Проведшие школьное время в последние годы сталинщины в школах (раздельное обучение: мальчики отдельно, девочки отдельно), в переполненных ленинградских коммуналках, воспитанные на трофейном кино, послевоенной поножовщине, они в студенческие годы пережили хрущевскую оттепель — как спортсмены, тренирующиеся в среднегорье, а соревнующиеся на равнине. Это поколение, пришедшее с холода, самое успешное поколение Ленинграда, заново открыло красоту дореволюционного города и стихи акмеистов, они толпились в очередях в Доме книги, доставали запрещенное в букинистических магазинах, — они снова открыли Ленинград миру.
В 1952 году многие преподаватели и студенты ходили в Ленинградский государственный университет имени Жданова как на казнь. Только что арестован ректор, прошли чистки космополитов-низкопоклонников и генетиков, завершилось «Ленинградское дело», шли массовые аресты.
1 декабря отмечался тогда в Советском Союзе как День бдительности, потому что 1 декабря 1934 года злодейская пуля убила Сергея Мироновича Кирова. Но в этот день в 1952 году на филологическом факультете ЛГУ происходит нечто сверхъестественное, неслыханное, невозможное.

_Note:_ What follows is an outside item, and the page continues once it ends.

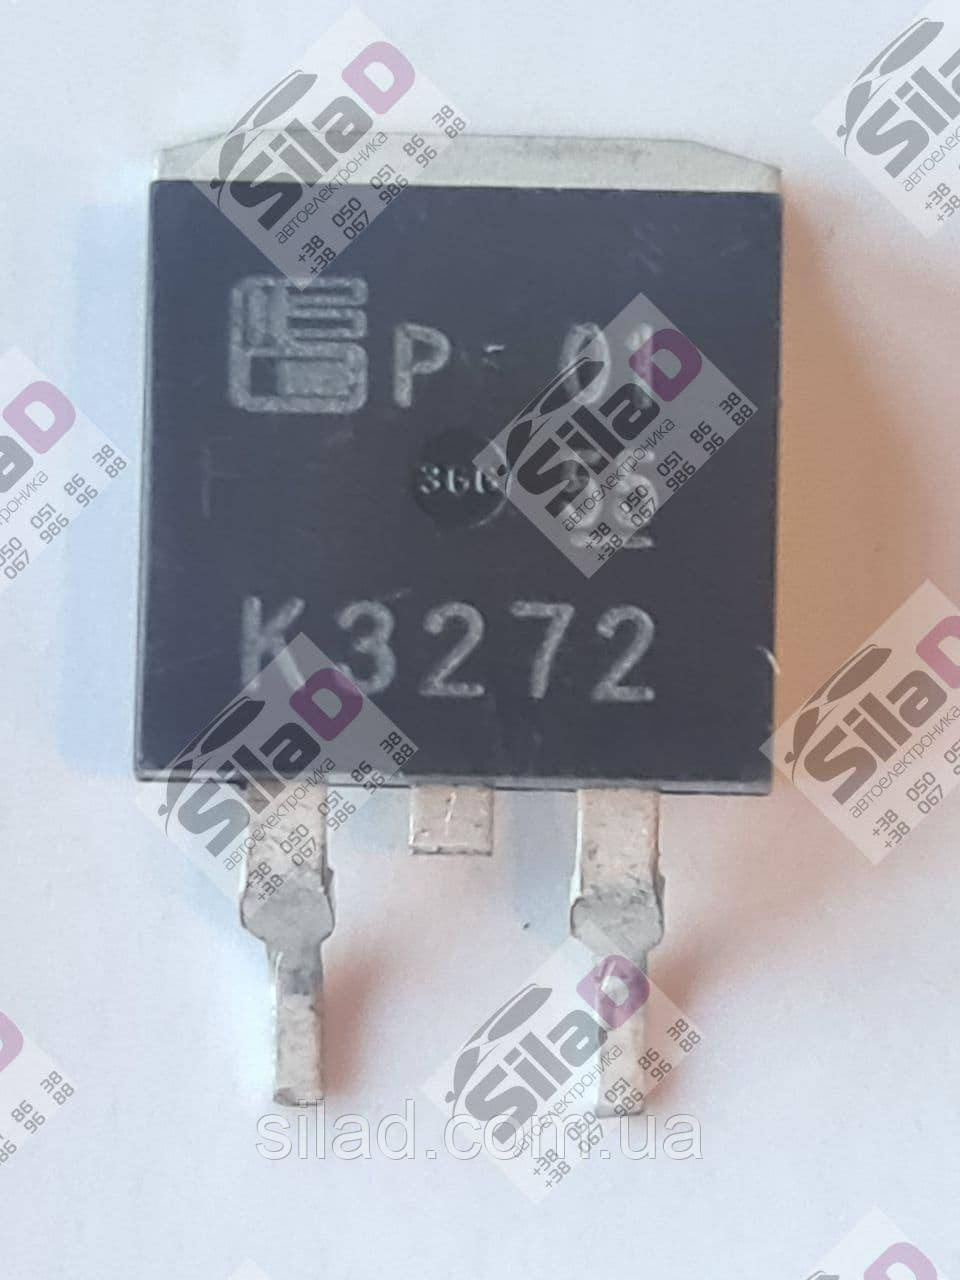 Транзистор 2SK3272 K3272 Fuji Electric корпус TO-263

Поэт Владимир Уфлянд вспоминал:Зимой 1952 года я шел по замерзшему Ленинграду и увидел на стене газету «Комсомольская правда» с потрясающим заголовком: «Трое с гусиными перьями». Все остальные заголовки были в духе: «Закончим университет в четыре года, а не в пять. Так велел товарищ Сталин». И в заметке этой пишут, что три студента филологического факультета Ленинградского университета пришли на лекцию по истории русской литературы в сапогах, в рубахах, выпущенных наружу и подпоясанных какими-то веревками, вытащили гусиные перья и стали гусиными перьями записывать лекцию. В перерыве они вытащили деревянные миски. Накрошили в них хлеба, луку, залили квасом, стали деревянными ложками хлебать и распевать «Лучинушку».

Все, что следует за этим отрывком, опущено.